Concepedia

Publication | Closed Access

The dissimilarity of species interaction networks

508

Citations

65

References

2012

Year

TLDR

Global change and shifting community structures make it essential to quantify how species interactions vary across space and time, yet this has been limited by the difficulty of measuring interaction network dissimilarity. The authors propose a general framework to assess species interaction network dissimilarity across time, space, or environments using both quantitative and qualitative data, and outline a research agenda for a biogeographical theory of interactions. The framework decomposes dissimilarity into interaction and species turnover components, enabling direct comparison with standard β‑diversity metrics. Applying the method to a large host–parasite dataset shows that scaling community β‑diversity to interaction β‑diversity requires only a minor methodological adjustment, and the approach can be extended to other ecological contexts.

Abstract

Abstract In a context of global changes, and amidst the perpetual modification of community structure undergone by most natural ecosystems, it is more important than ever to understand how species interactions vary through space and time. The integration of biogeography and network theory will yield important results and further our understanding of species interactions. It has, however, been hampered so far by the difficulty to quantify variation among interaction networks.

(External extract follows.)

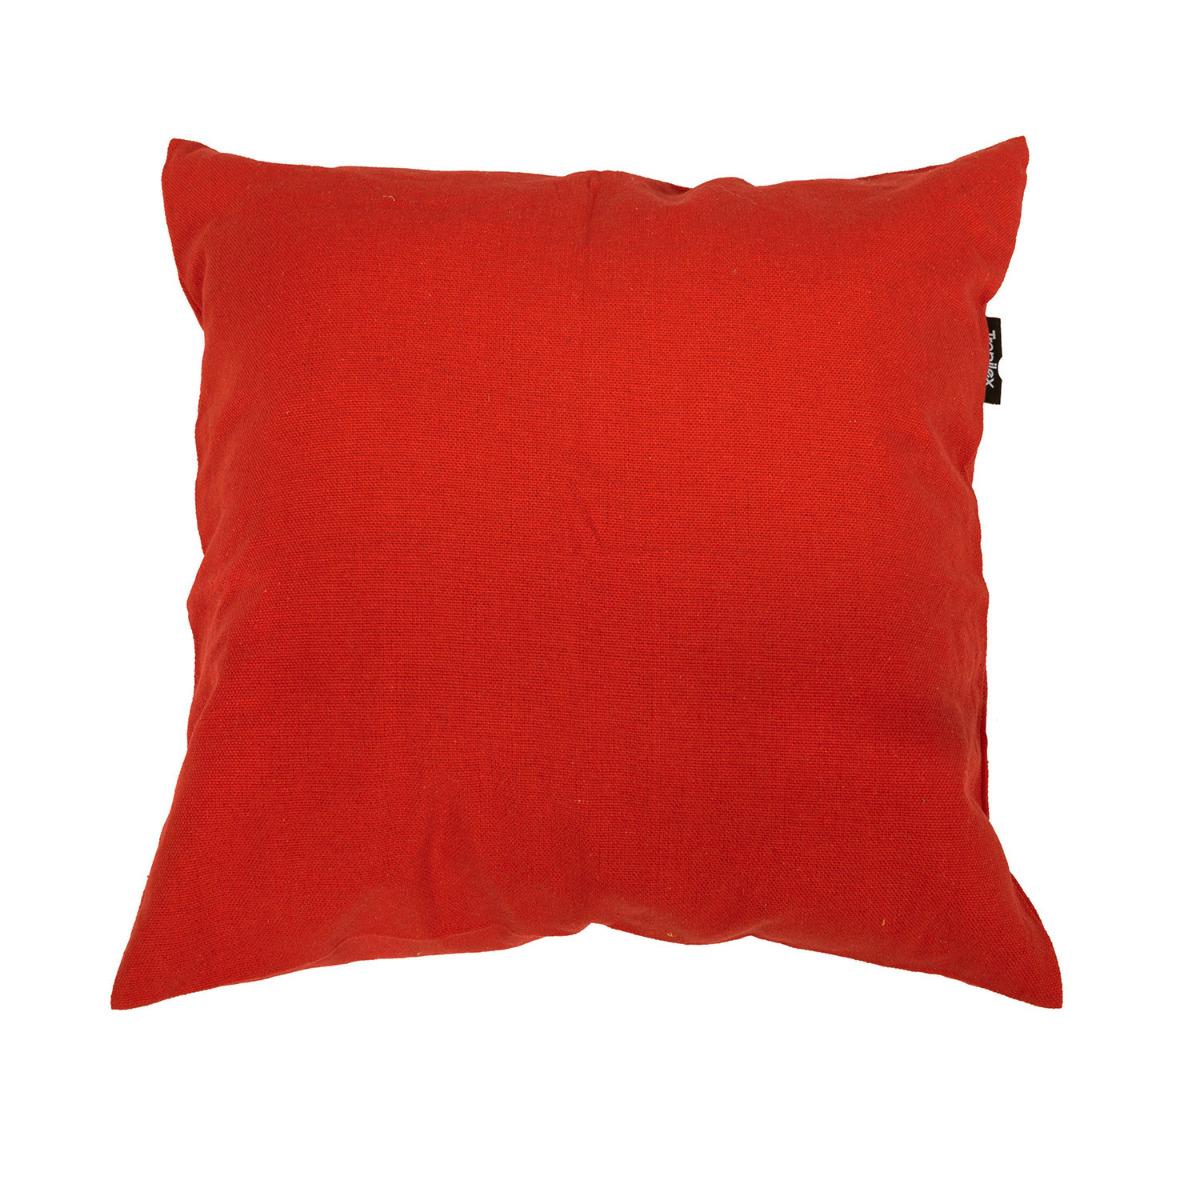 'Plain' Red Kussentje - Rood - Tropilex �

Here, we propose a general framework to study the dissimilarity of species interaction networks over time, space or environments, allowing both the use of quantitative and qualitative data. We decompose network dissimilarity into interactions and species turnover components, so that it is immediately comparable to common measures of β ‐diversity. We emphasise that scaling up β ‐diversity of community composition to the β ‐diversity of interactions requires only a small methodological step, which we foresee will help empiricists adopt this method. We illustrate the framework with a large dataset of hosts and parasites interactions and highlight other possible usages. We discuss a research agenda towards a biogeographical theory of species interactions.